Three Community Action Agencies will partner with their local Departments of Social Services and with Reginald Cox, Office of Children and Family Services consultant, to pilot a Fatherhood Connection program across the Western Southern Tier of New York State. The goal is to create a sustainable and researched-based initiative to engage men as father figures in the lives of their children, stepchildren, or grandchildren.  In order to achieve both short-term and long-term health and social impacts, direct service to fathers and families, training of facilitators, and research for longitudinal validation will occur. Two 13-week Fatherhood Connection groups will be facilitated across the three-county area, engaging both father figures and new facilitators from each CAA who will be trained to continue the facilitation of the groups into the future.

Local Need Addressed

The poverty rate for families with female headed households with no husband or similar male figure present stands at 29.7%. When these same female-headed households have children under 18, the poverty rate increases to 47.6% (over 4 times the rate in married couple families), and for those same households with children less than 5 years of age, the poverty rate explodes to 62.1%.

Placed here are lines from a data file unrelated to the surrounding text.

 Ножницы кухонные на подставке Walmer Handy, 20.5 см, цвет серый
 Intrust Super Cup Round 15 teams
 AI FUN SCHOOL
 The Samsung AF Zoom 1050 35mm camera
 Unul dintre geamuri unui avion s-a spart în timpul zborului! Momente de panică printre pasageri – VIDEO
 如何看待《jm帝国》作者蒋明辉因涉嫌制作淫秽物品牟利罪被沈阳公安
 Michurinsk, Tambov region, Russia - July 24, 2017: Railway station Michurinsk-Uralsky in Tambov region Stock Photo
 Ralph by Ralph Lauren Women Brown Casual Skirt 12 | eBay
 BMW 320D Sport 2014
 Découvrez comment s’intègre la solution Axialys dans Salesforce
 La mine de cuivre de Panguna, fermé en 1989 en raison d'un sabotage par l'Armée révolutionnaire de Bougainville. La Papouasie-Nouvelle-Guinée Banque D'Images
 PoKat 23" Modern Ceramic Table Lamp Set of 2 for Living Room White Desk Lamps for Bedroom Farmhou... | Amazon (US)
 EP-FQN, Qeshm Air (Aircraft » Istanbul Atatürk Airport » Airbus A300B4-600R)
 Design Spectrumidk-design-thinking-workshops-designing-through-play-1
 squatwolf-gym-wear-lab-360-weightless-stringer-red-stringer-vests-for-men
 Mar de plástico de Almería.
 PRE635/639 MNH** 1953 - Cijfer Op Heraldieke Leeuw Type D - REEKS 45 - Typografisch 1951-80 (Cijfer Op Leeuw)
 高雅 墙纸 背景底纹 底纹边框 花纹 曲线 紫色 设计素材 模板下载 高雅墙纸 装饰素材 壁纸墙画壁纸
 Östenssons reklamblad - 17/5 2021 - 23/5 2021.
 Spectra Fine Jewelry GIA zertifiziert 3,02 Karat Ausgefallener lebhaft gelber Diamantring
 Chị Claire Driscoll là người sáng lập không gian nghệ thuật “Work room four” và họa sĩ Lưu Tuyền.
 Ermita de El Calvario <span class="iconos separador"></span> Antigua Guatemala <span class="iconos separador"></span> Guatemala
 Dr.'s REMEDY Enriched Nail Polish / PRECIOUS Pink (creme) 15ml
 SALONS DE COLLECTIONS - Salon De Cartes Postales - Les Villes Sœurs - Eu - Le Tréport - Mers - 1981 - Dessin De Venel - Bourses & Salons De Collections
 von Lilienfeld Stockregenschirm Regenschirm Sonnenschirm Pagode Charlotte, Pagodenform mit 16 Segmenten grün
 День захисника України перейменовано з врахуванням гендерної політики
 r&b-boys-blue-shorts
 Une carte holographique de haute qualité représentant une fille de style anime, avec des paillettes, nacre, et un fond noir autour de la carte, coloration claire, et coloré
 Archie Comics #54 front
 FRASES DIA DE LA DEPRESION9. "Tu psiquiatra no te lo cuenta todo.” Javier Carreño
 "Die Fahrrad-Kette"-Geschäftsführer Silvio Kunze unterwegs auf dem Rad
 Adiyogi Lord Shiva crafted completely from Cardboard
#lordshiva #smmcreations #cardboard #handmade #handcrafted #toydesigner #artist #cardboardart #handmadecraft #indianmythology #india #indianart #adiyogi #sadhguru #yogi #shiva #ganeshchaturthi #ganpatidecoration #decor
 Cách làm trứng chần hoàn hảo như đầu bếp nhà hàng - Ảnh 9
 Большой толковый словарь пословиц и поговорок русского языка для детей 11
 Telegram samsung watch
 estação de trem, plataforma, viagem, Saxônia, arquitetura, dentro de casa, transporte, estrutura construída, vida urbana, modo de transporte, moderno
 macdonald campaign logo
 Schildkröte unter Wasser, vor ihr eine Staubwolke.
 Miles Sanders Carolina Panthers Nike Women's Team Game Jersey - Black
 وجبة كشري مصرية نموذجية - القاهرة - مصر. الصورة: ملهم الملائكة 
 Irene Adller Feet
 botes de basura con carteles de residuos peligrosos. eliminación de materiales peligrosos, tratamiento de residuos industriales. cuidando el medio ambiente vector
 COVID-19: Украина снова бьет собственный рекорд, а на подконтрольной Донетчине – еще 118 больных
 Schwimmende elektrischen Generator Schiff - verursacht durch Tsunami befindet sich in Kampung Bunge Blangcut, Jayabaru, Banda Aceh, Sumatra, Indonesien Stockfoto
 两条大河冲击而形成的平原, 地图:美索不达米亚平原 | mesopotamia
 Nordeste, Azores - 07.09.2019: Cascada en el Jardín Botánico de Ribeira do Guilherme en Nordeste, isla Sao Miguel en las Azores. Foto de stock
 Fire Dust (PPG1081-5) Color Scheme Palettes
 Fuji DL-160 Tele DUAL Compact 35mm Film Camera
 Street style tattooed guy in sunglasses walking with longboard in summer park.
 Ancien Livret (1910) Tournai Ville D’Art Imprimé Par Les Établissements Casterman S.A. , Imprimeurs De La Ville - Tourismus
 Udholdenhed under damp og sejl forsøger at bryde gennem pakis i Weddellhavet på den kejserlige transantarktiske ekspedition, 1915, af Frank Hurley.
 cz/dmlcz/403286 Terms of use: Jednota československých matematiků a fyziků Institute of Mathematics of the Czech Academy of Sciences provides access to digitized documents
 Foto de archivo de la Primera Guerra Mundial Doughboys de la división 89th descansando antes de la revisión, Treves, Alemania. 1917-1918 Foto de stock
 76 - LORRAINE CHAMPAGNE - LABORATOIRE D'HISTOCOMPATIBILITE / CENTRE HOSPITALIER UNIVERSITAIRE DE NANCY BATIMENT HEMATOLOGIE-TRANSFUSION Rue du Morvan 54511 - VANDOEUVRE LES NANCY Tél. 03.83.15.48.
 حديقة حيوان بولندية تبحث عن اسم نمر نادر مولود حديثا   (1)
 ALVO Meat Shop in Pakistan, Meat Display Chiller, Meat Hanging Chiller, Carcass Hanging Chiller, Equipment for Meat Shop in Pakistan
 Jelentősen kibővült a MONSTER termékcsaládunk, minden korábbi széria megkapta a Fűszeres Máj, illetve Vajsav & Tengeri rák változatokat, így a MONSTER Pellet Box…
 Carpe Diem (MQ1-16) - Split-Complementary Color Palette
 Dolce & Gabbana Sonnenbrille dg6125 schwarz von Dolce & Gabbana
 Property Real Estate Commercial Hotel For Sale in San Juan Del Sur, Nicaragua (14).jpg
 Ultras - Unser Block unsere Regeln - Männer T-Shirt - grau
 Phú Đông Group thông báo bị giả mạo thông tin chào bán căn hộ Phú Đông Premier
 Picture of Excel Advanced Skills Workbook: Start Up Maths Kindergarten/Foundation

Female headed households comprise 18% of Cattaraugus County’s families, 16% of Allegany County’s families and 23% of Steuben County’s families, and about a third of all births are to women who are widowed, divorced or never married.

42% of families living in poverty in Cattaraugus County are female headed with absentee father figures. Children in father-absent homes are almost 4 times more likely to be poor and are at significantly higher risks for substance abuse and aggressive behaviors.
Children without present fathers are more than twice as likely to die by suicide.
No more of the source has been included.